Return only the lines of the data below from the line with "DGL Deglycyrrhizinated Licorice" up to and including the line with "Tennis court at Disneyland, France", exactly as written, with the pictures omitted.

#### EXCERPTED DATA
======

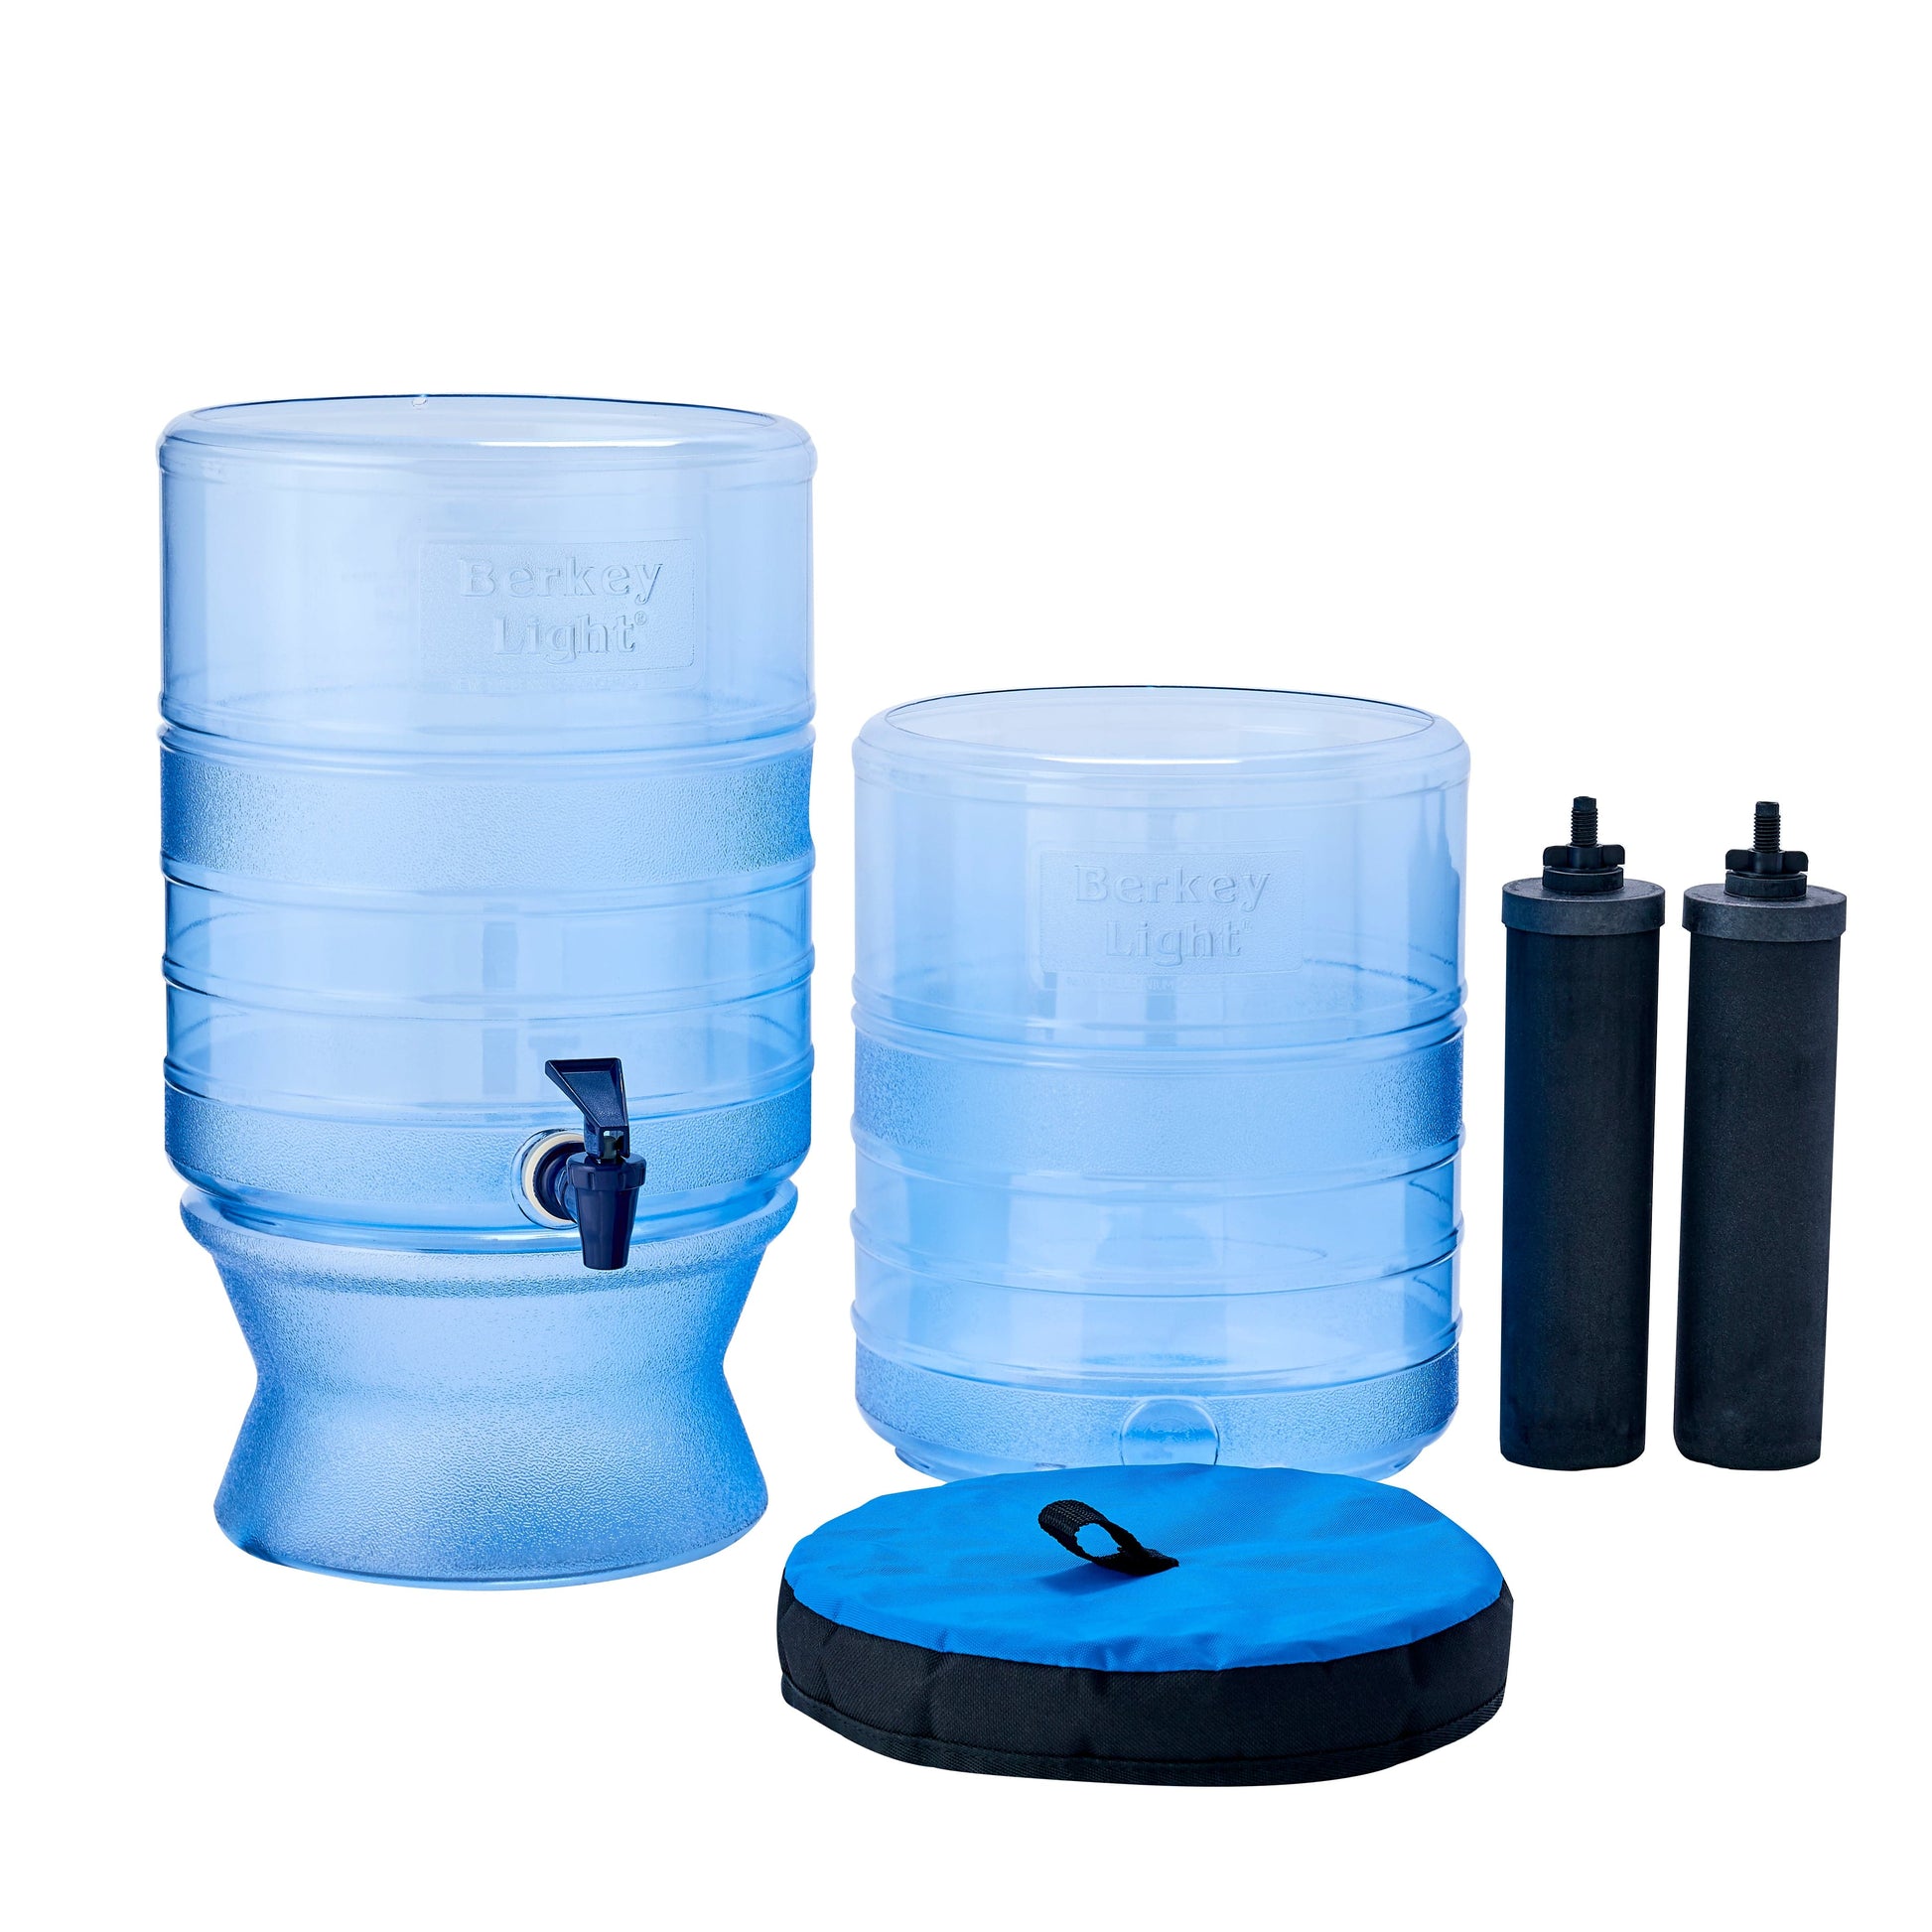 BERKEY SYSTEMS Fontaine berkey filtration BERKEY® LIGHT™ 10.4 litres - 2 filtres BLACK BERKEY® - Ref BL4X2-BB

======

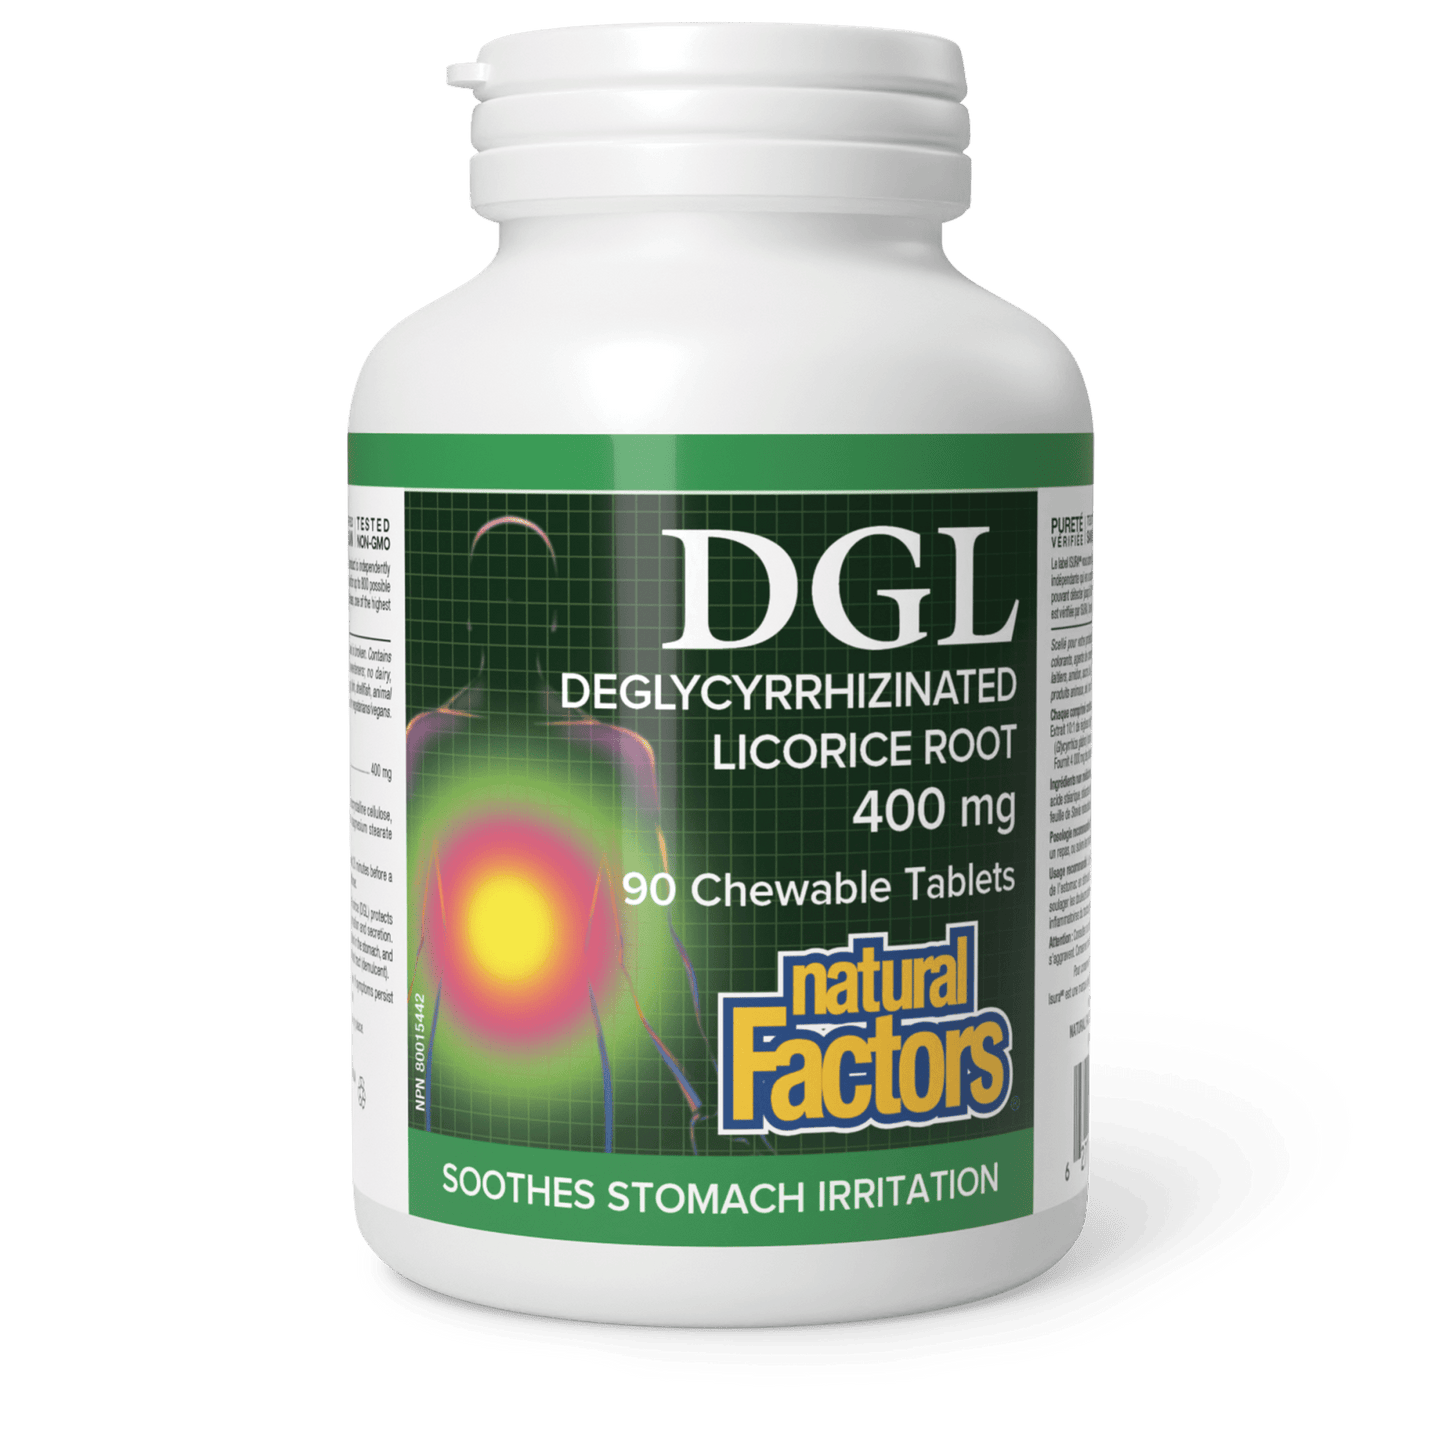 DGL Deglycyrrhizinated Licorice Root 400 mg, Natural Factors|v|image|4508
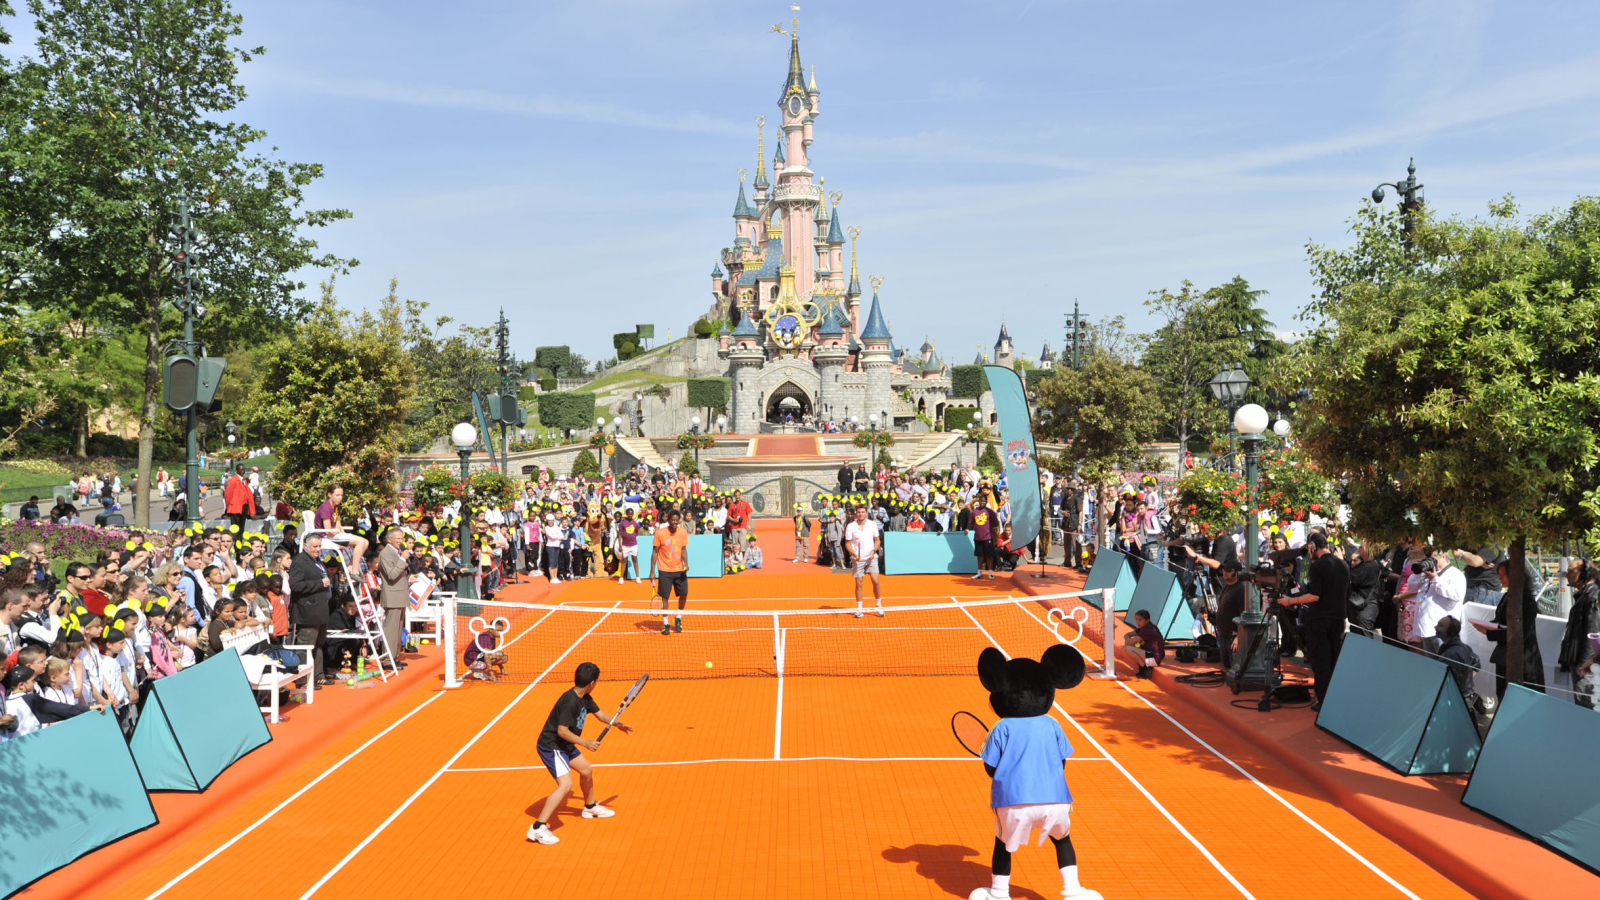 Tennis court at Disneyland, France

======

#### REPLY
 DGL Deglycyrrhizinated Licorice Root 400 mg, Natural Factors|v|image|4508
 Tennis court at Disneyland, France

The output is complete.